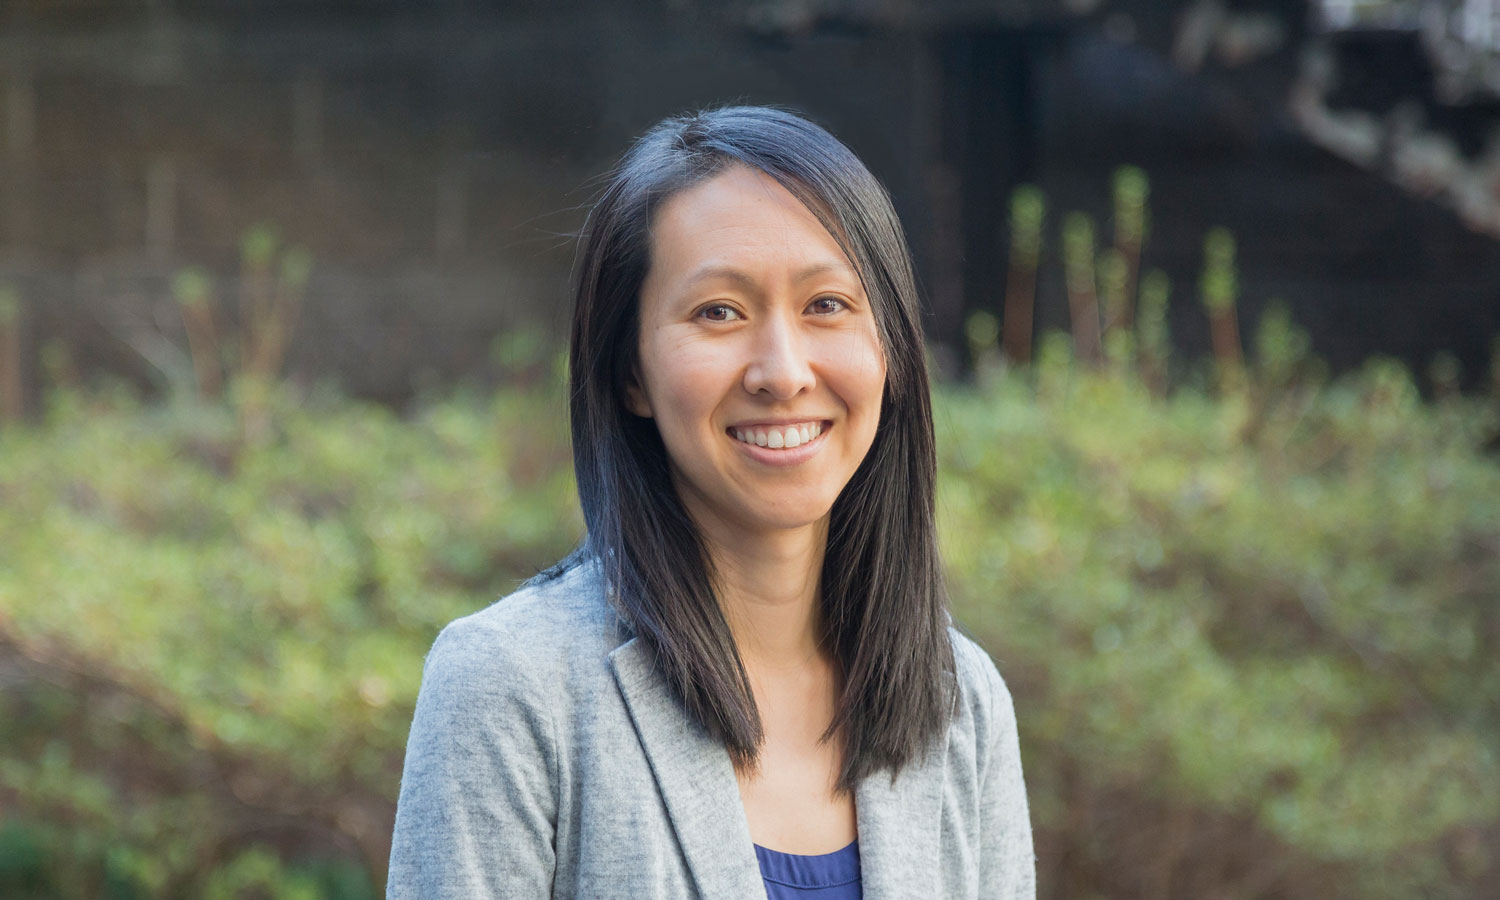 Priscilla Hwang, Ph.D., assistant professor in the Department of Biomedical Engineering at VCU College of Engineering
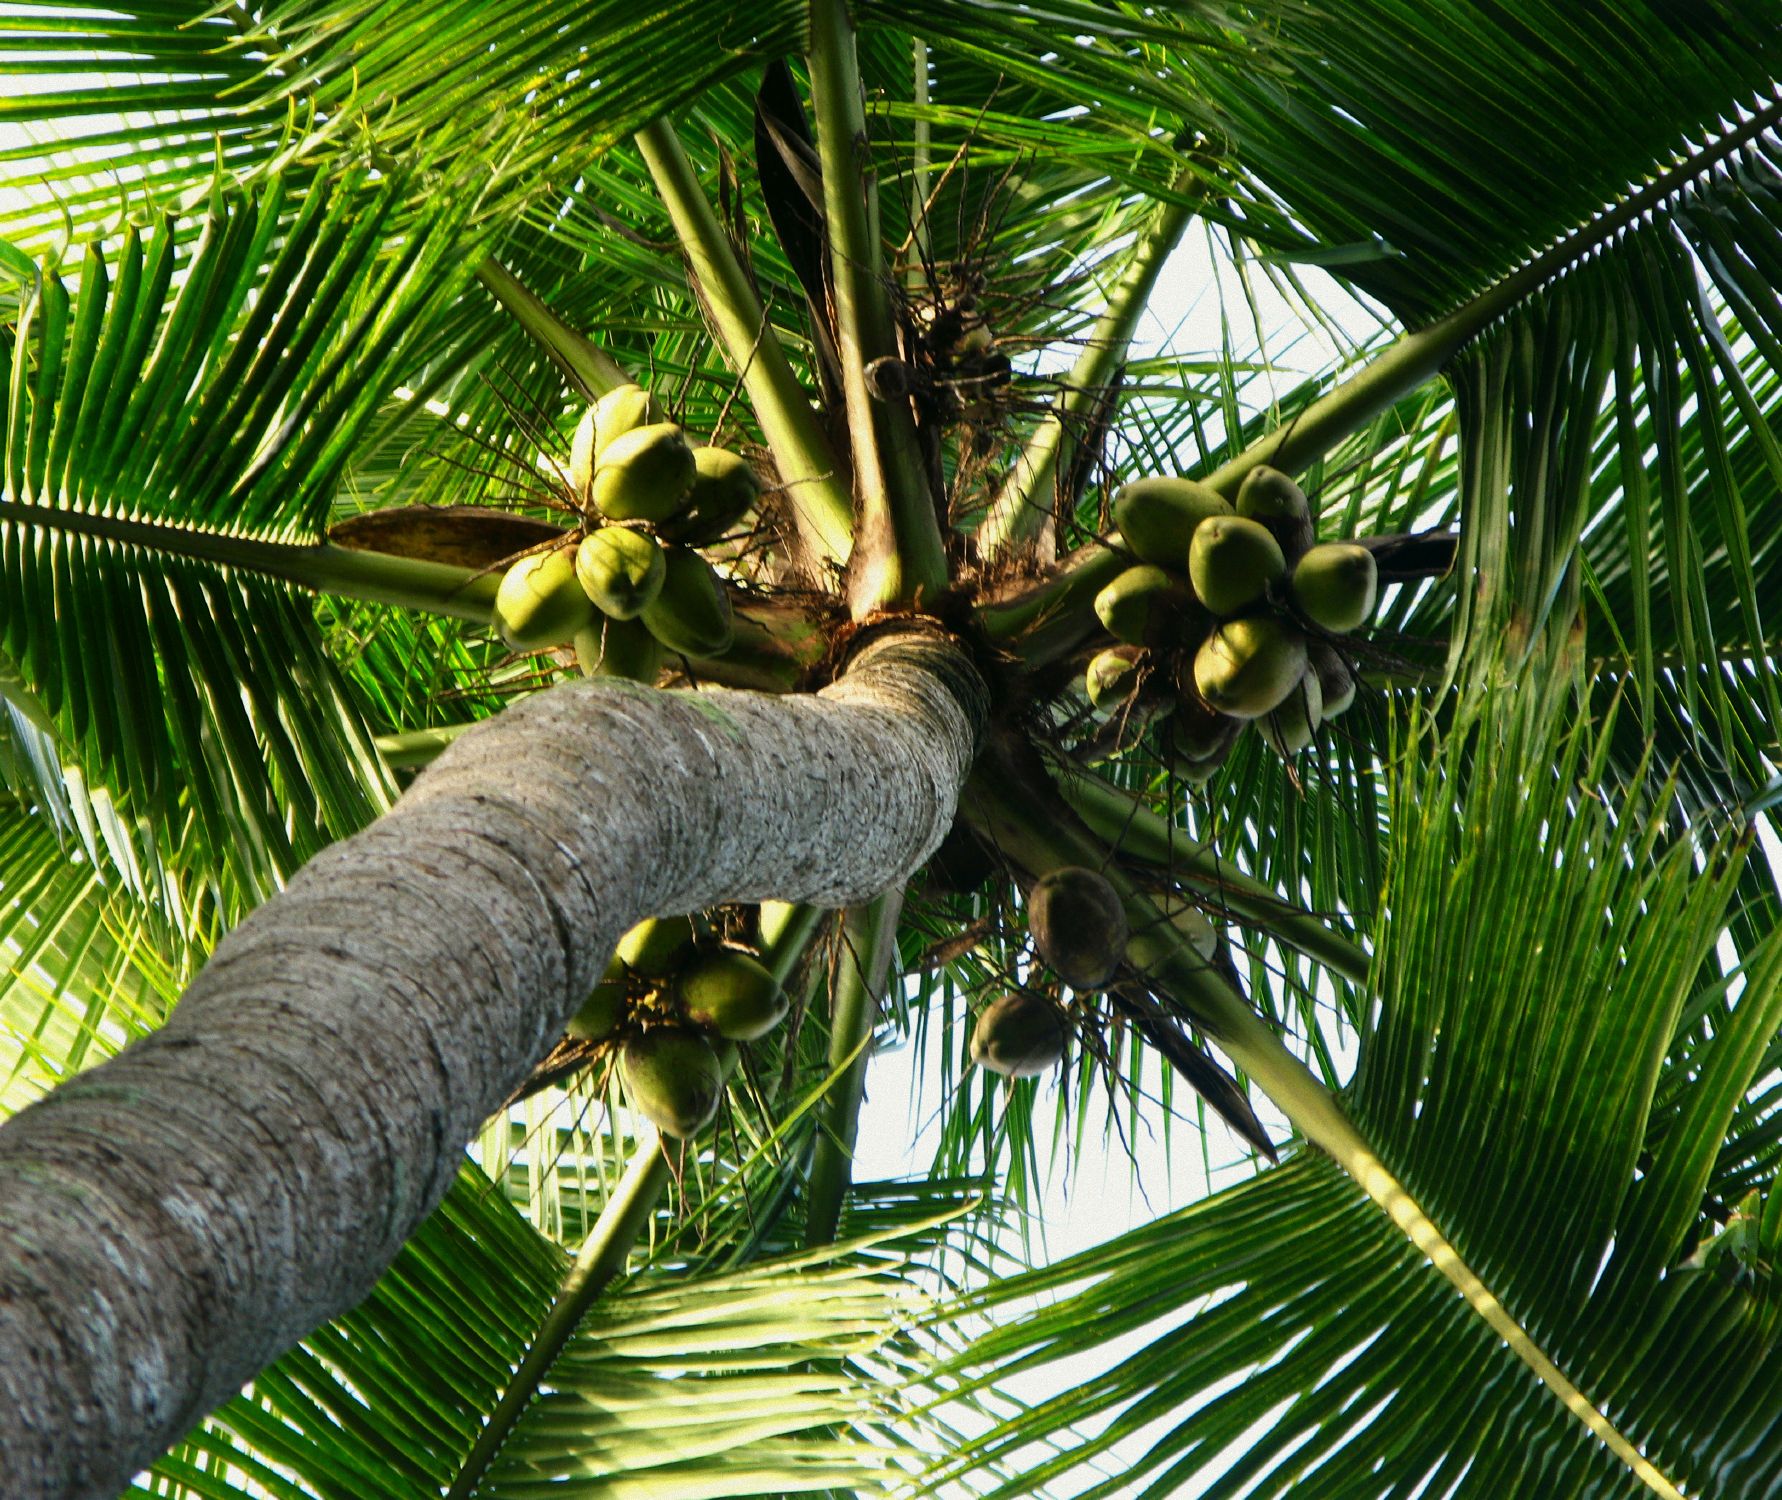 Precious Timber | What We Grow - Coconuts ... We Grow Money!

------------------------

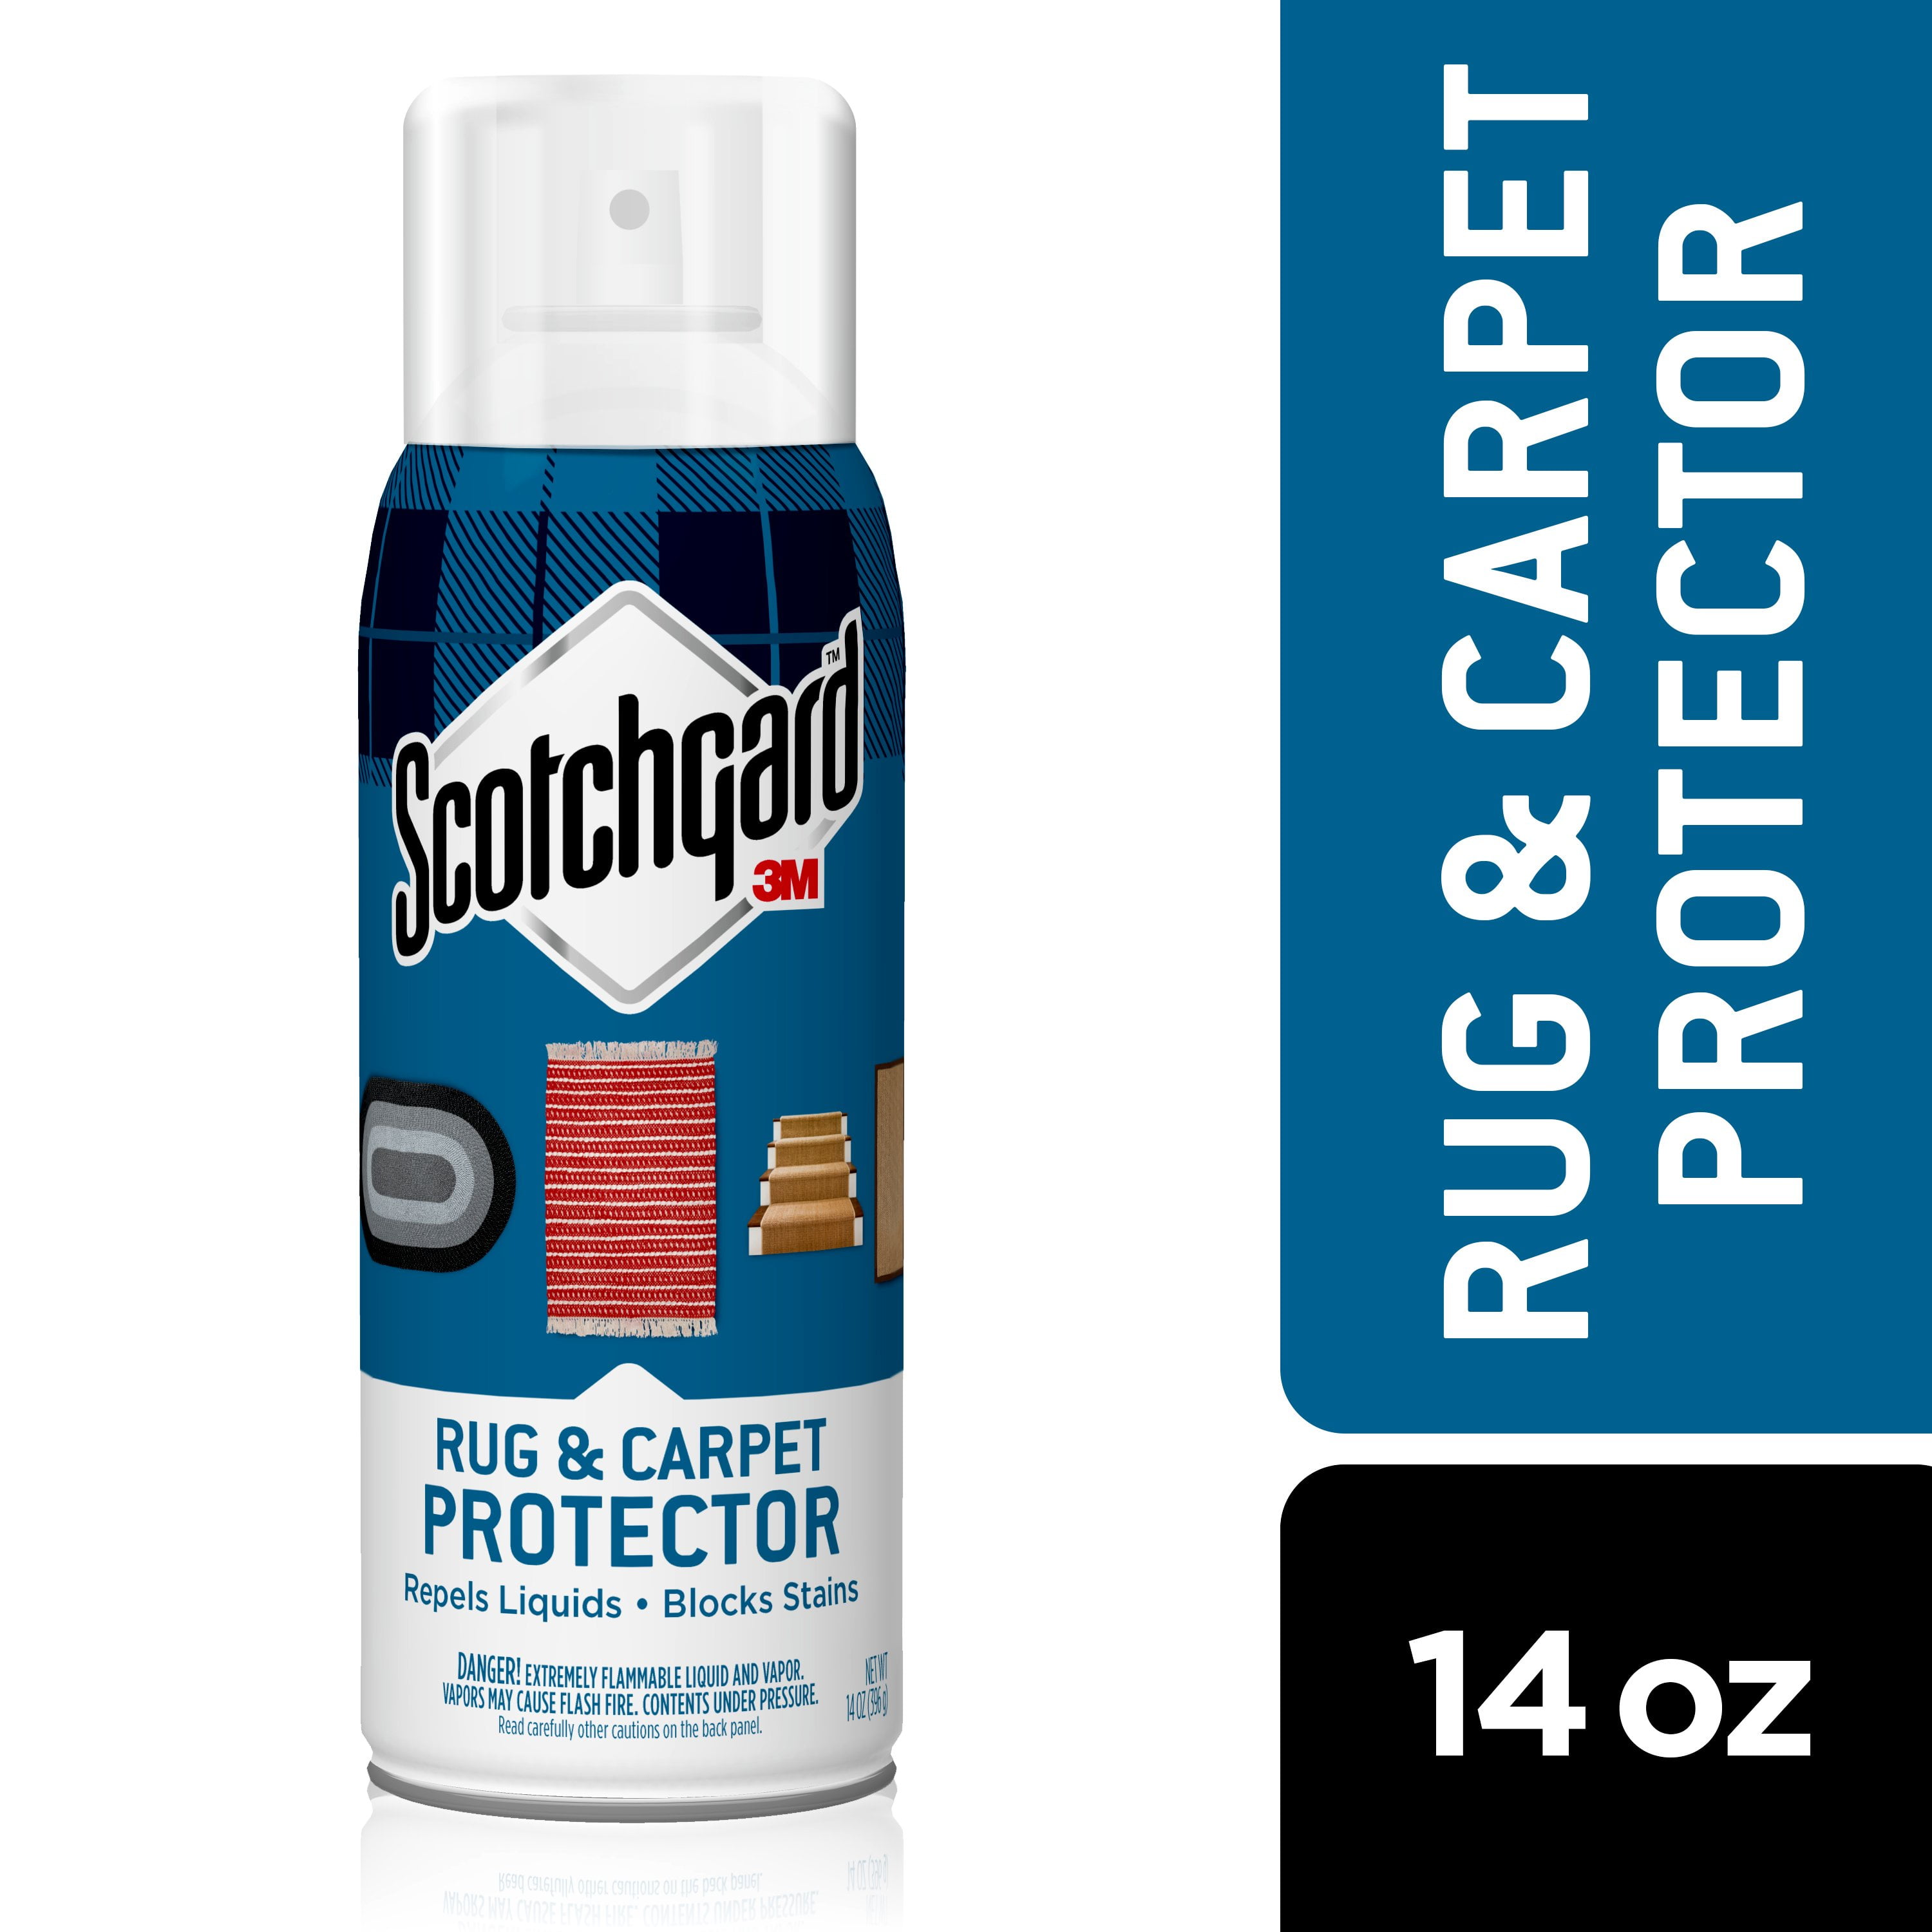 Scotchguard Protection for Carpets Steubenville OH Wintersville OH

------------------------

## About this task:
Write down exactly what the lines above say, from the line holding "Priscilla Hwang, Ph.D., assistant" through the line holding "Precious Timber |", and nothing more. Do not copy the pictures.

## Answer to this task:
 Priscilla Hwang, Ph.D., assistant professor in the Department of Biomedical Engineering at VCU College of Engineering
 Precious Timber | What We Grow - Coconuts ... We Grow Money!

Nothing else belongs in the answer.